INPUT:
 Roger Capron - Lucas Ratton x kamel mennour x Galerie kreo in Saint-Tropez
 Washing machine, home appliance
* * *
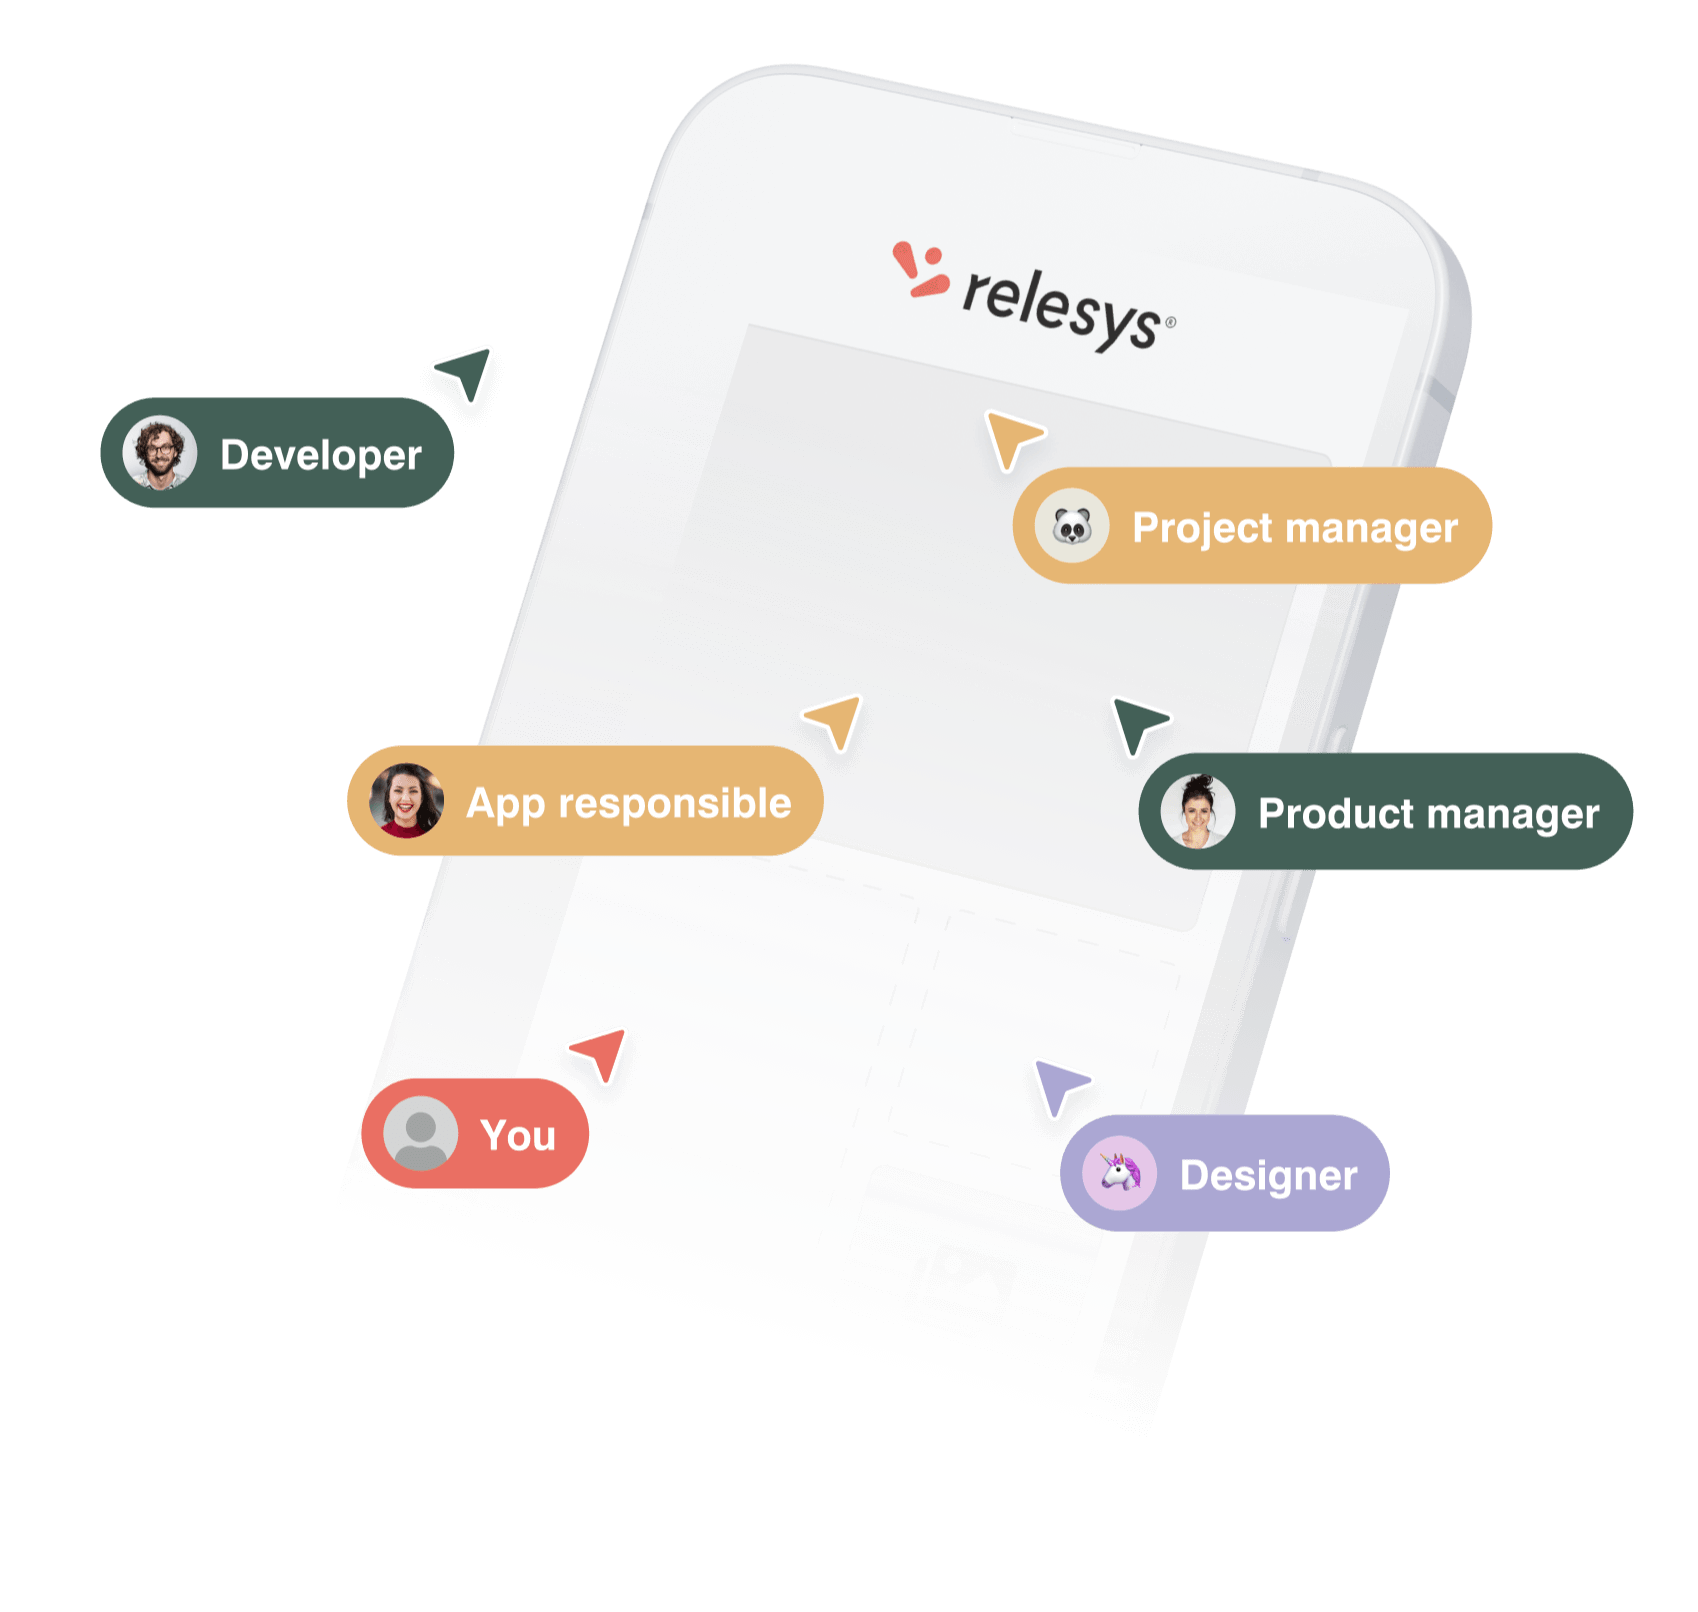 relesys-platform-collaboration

EXERCISE: Above are the records. Print exactly, and only, the lines from the line with "Roger Capron - Lucas" to the line with "Washing machine, home appliance", both inclusive.

WRITTEN ANSWER:
 Roger Capron - Lucas Ratton x kamel mennour x Galerie kreo in Saint-Tropez
 Washing machine, home appliance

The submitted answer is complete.